MANY Americans fear the consequences of a housing bust, but few know what one would really look like.
Think about it for a moment. How far do housing prices have to fall before a slump becomes a bust? In the stock market, we have a pretty good idea what a crash is. Among stock market experts, there is a consensus that a 10 percent decline in a major index is a correction while a 20 percent decline is more significant: a crash or a bear market, depending on the time involved. For the macro economy, there is also agreed-upon terminology. For example, a recession means two consecutive quarters of declining gross domestic product.
But when it comes to declines in housing prices, there is no such framework. As experts debate whether we’re headed for a housing bust, you’d think that we should at least be able to define it.
The problem is that economists haven’t agreed on a definition. In part, that’s because severe declines in housing prices tend to be rare events, not a common subject for discussion. The last really big decline in national housing prices occurred more than 70 years ago, during the Great Depression. Another reason is that the data measuring the housing market is far more opaque than that for the stock market.

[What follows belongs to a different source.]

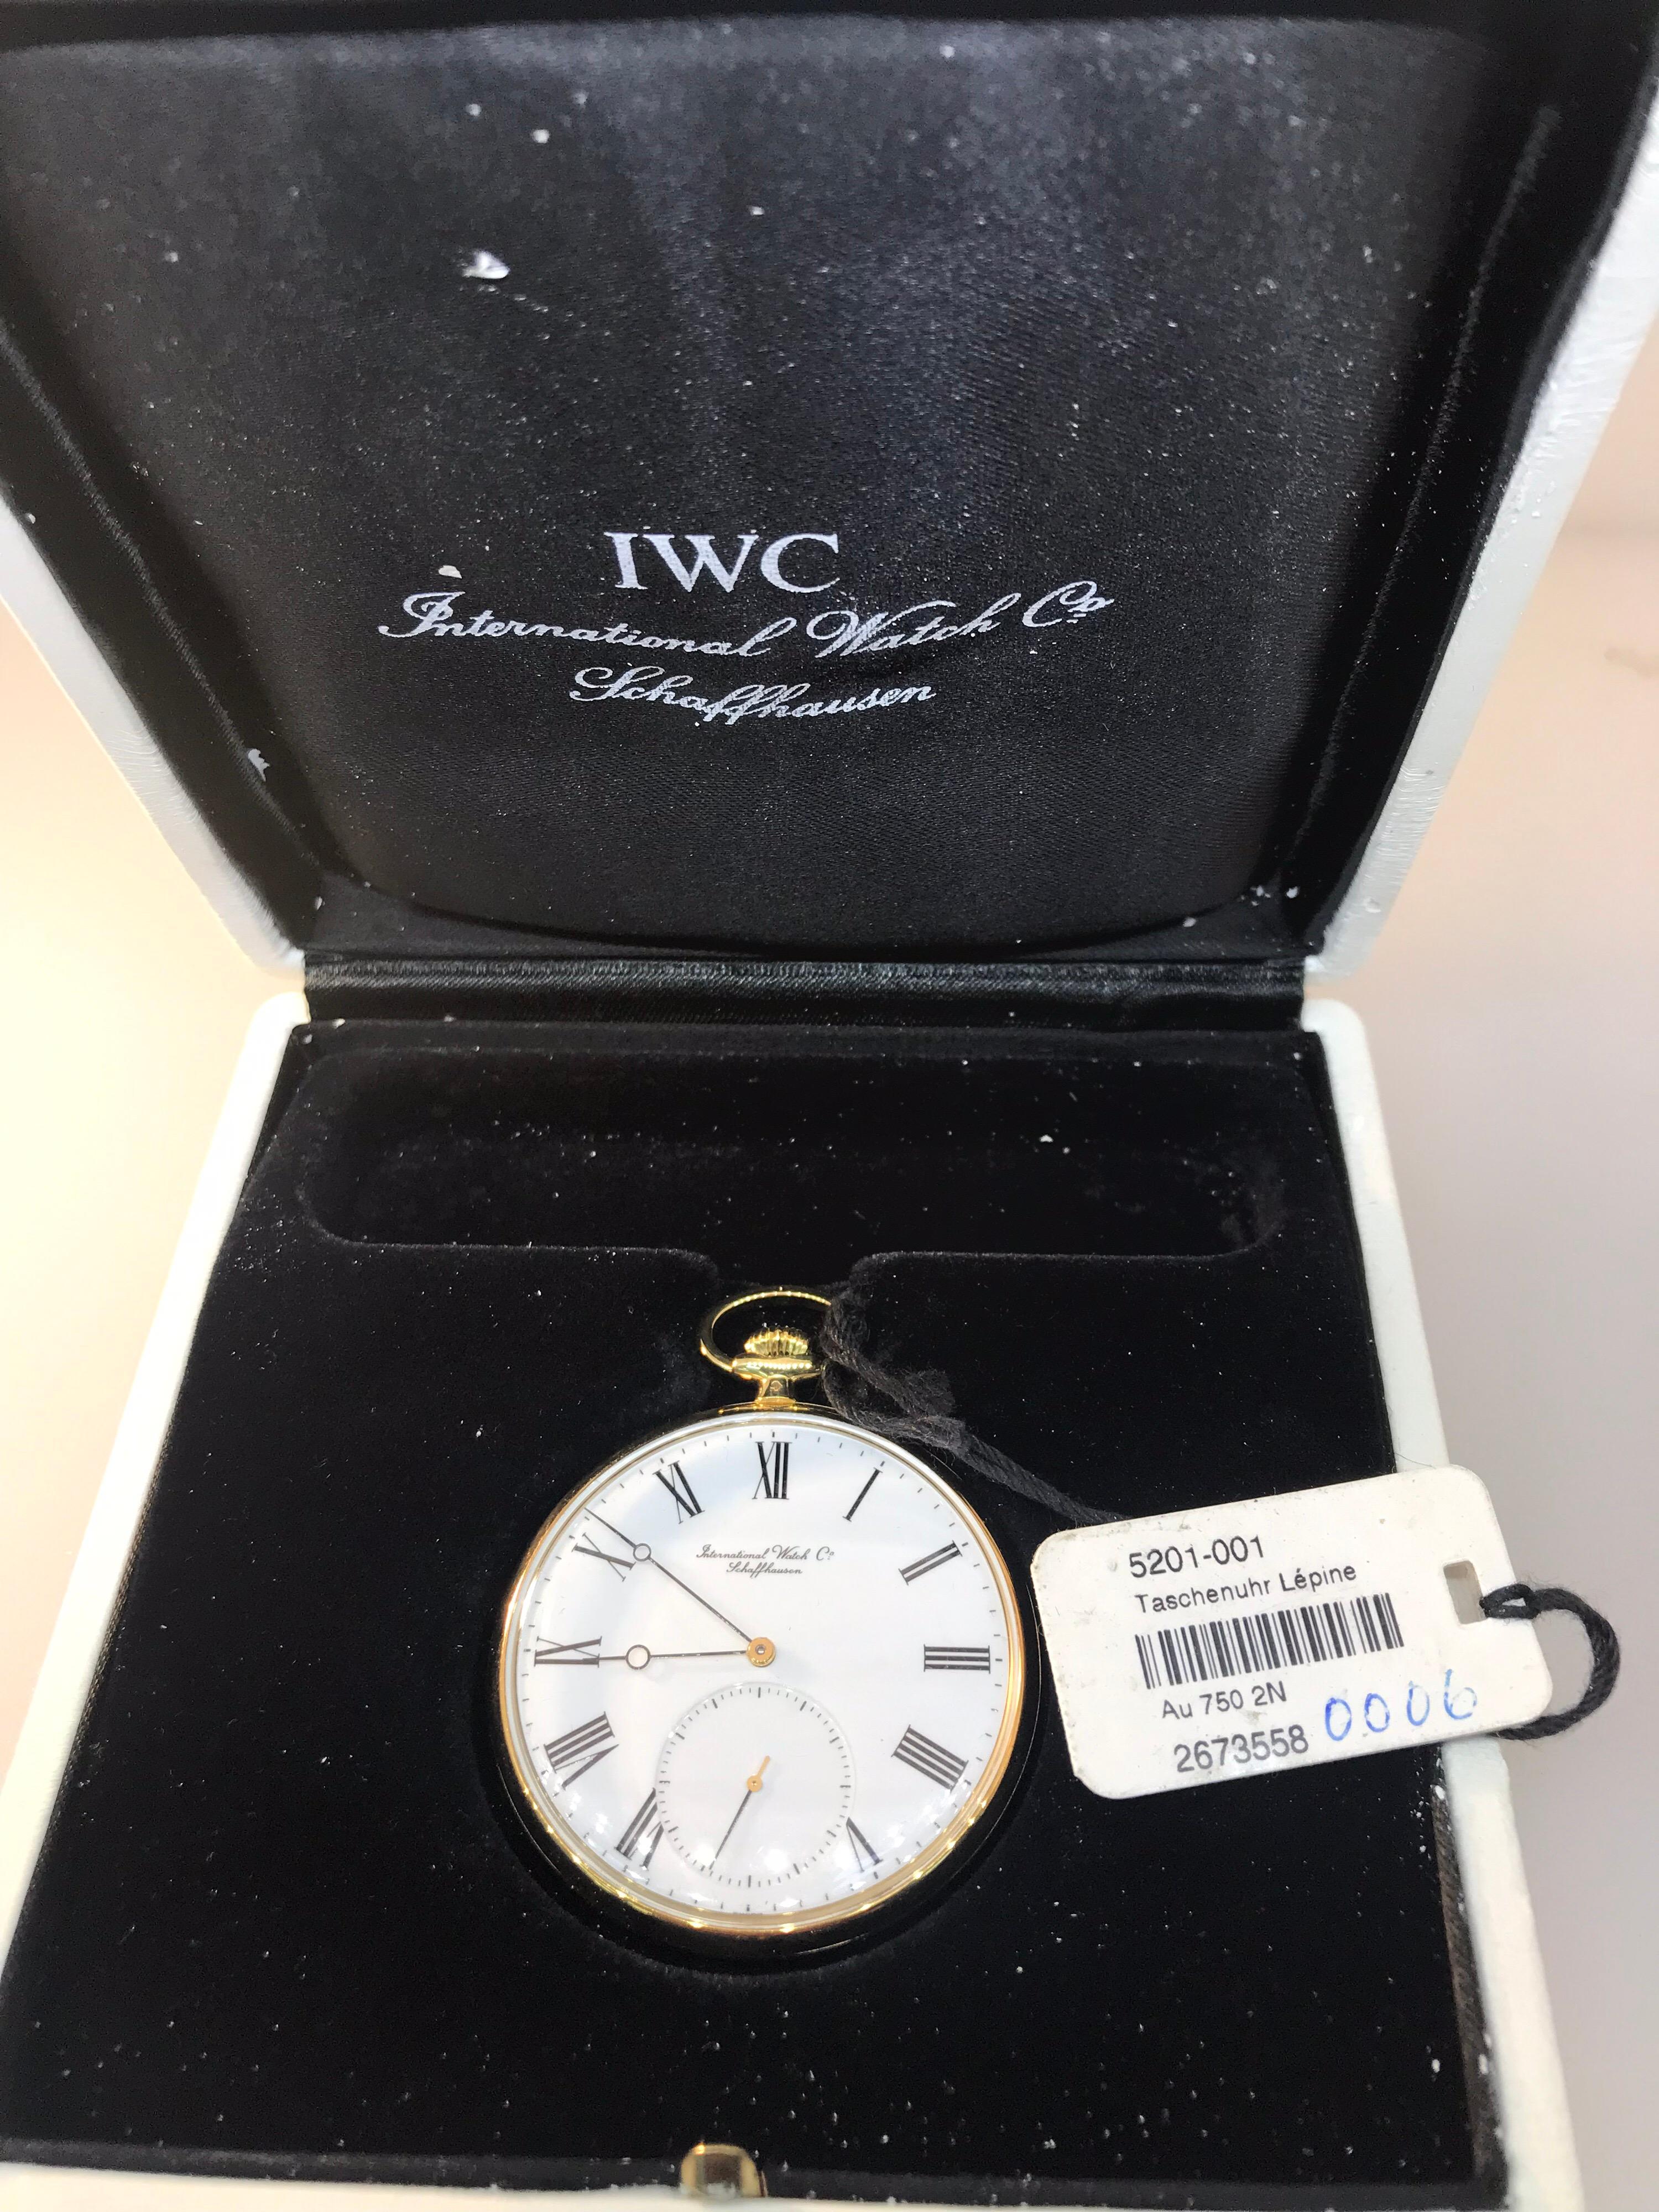 IWC Schaffhausen Lepine Yellow Gold White Dial Pocket Watch Men's Watch 5201-001 For Sale 4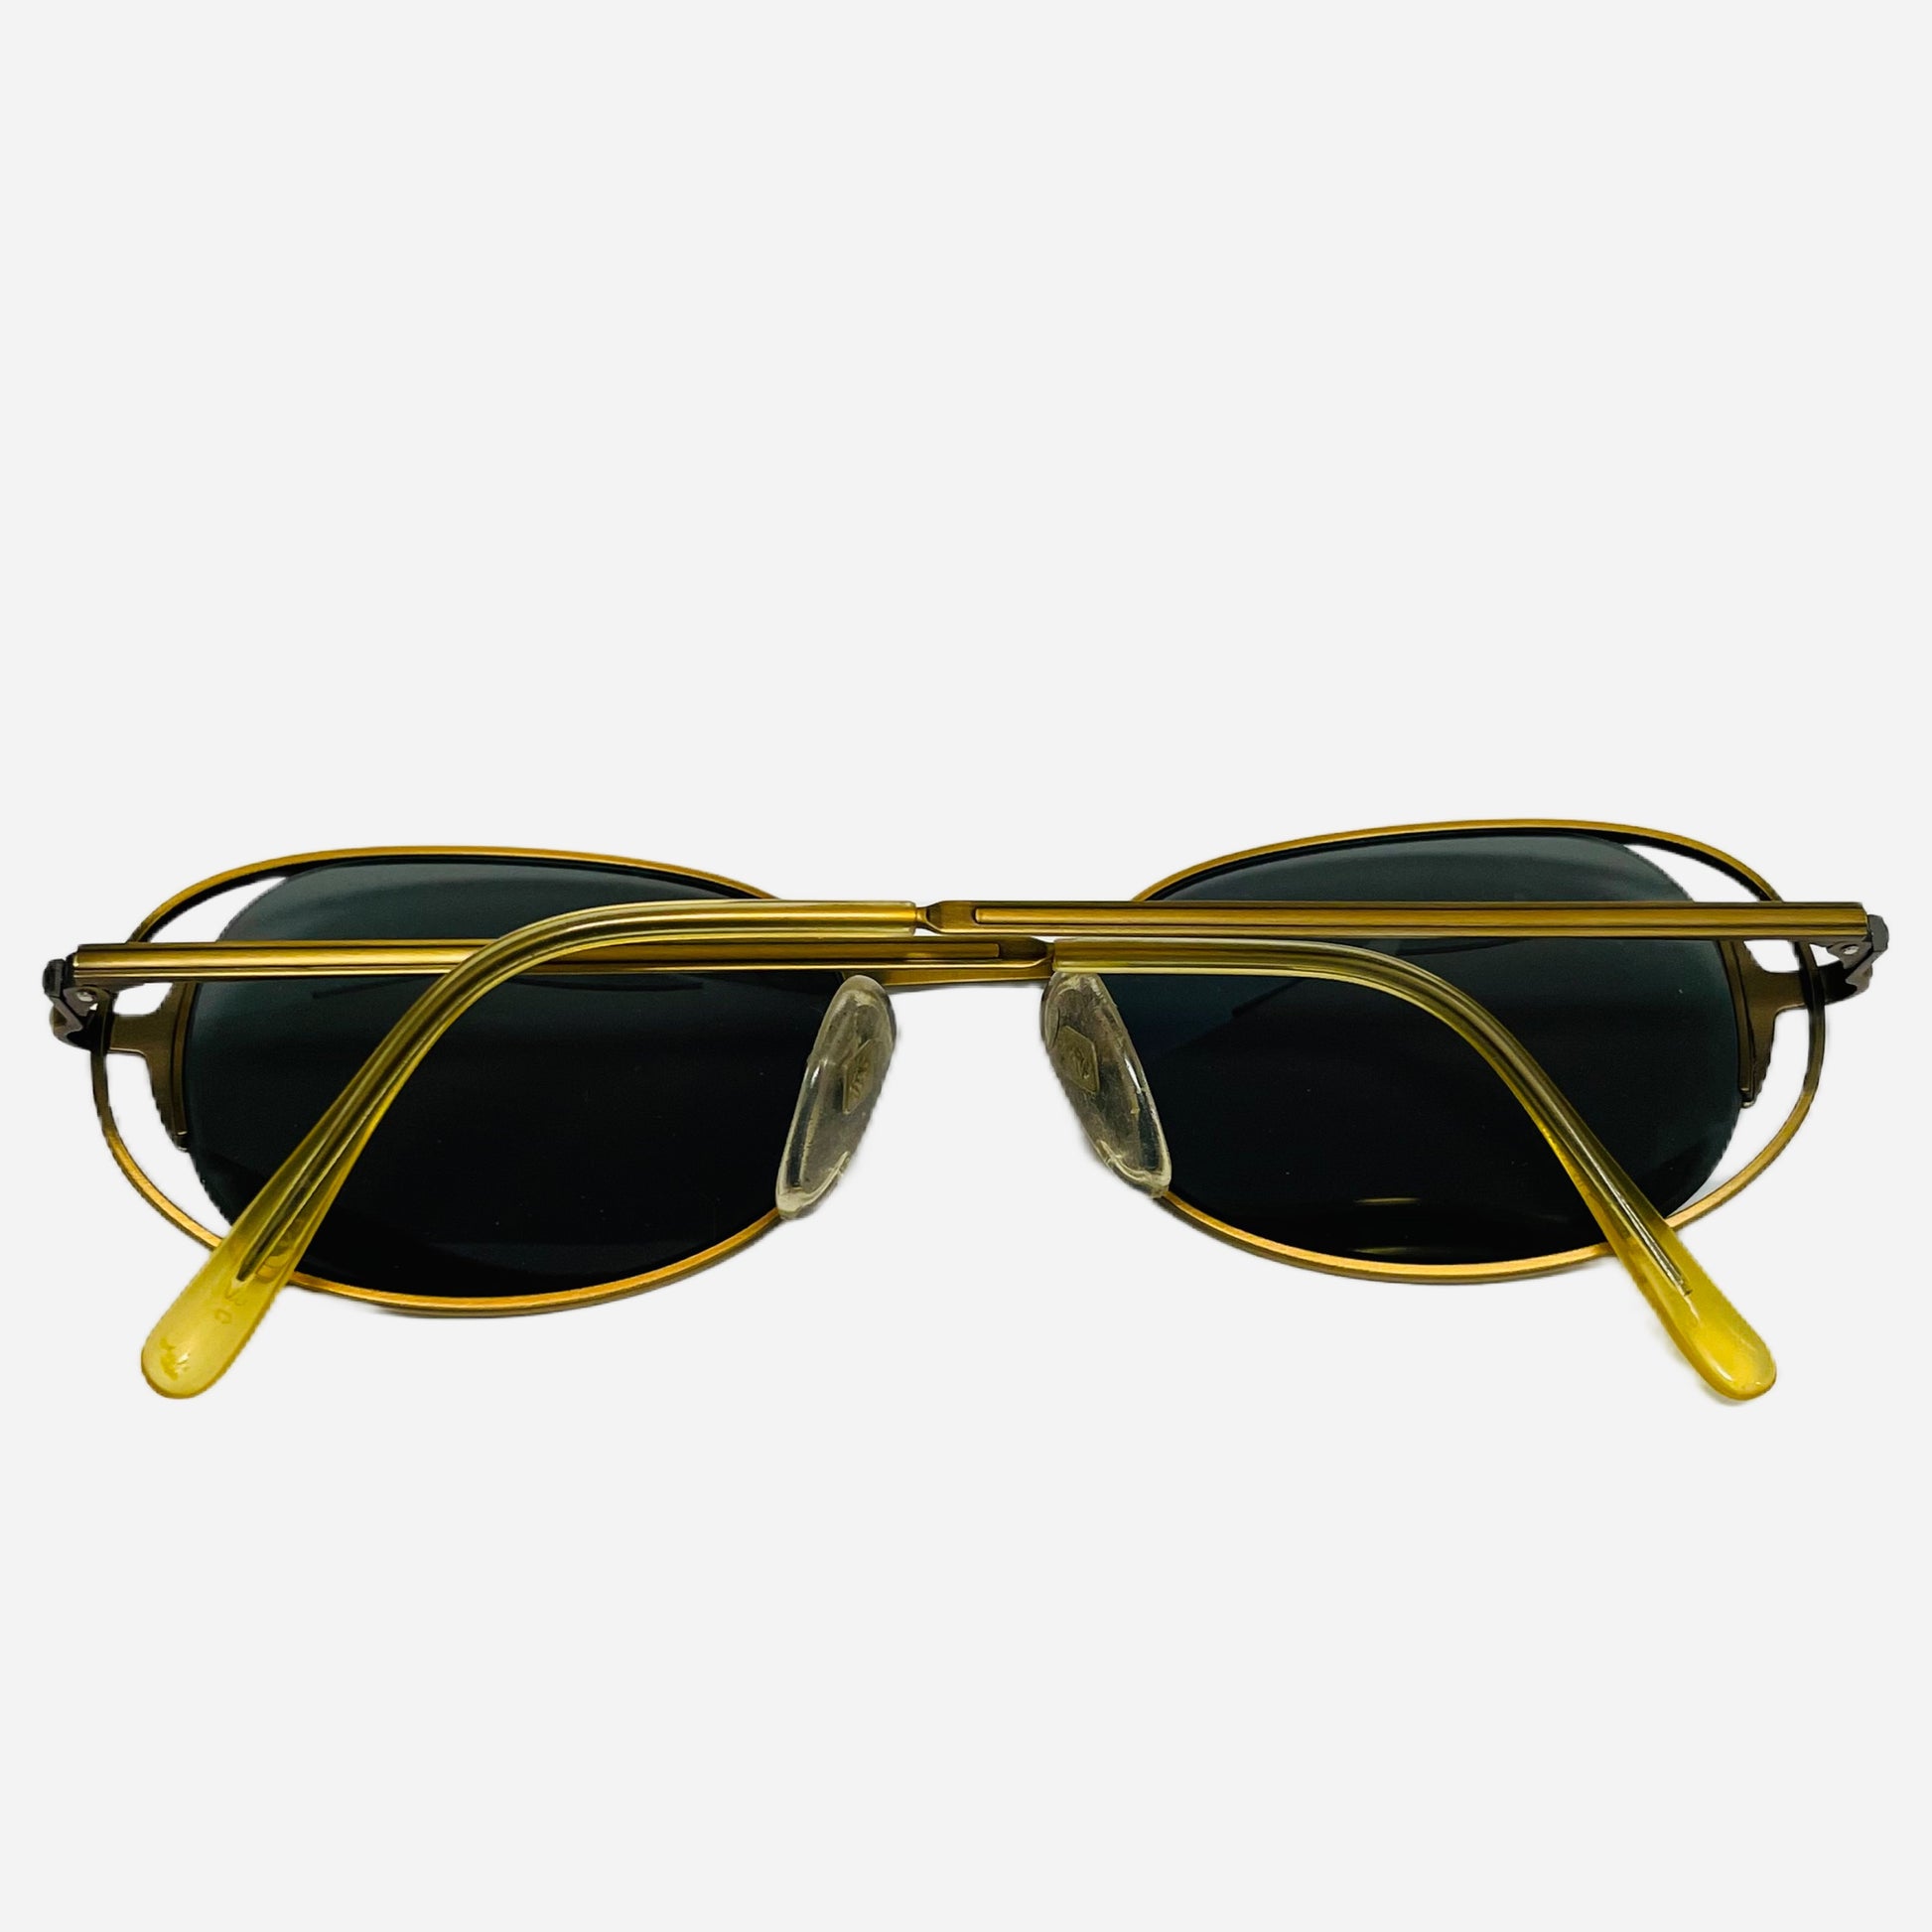 Vintage-Jean-Paul-Gaultier-Sonnenbrille-Sunglasses-Model56-3172-made-in-japan-the-seekers-back

But let’s work with the data we have. Start with the worst housing market on record. During the 1930s, housing prices fell sharply across the nation. According to the S.& P./Case-Shiller home price index, a measure of national housing prices, the average price of a home fell 24 percent from 1929 to 1933.
Two economists with the
Federal Deposit Insurance Corporation, Cynthia Angell and Norman Williams, have studied housing cycles since 1978 and have come up with a definition of a housing bust. In a paper published in February 2005, they called it a decline of at least 15 percent in nominal prices, meaning not adjusted for inflation. While economists tend to focus on real prices over time, the authors argue that in housing, nominal prices are a better measure of distress because homeowners, rarely think in inflation-adjusted terms in assessing market conditions.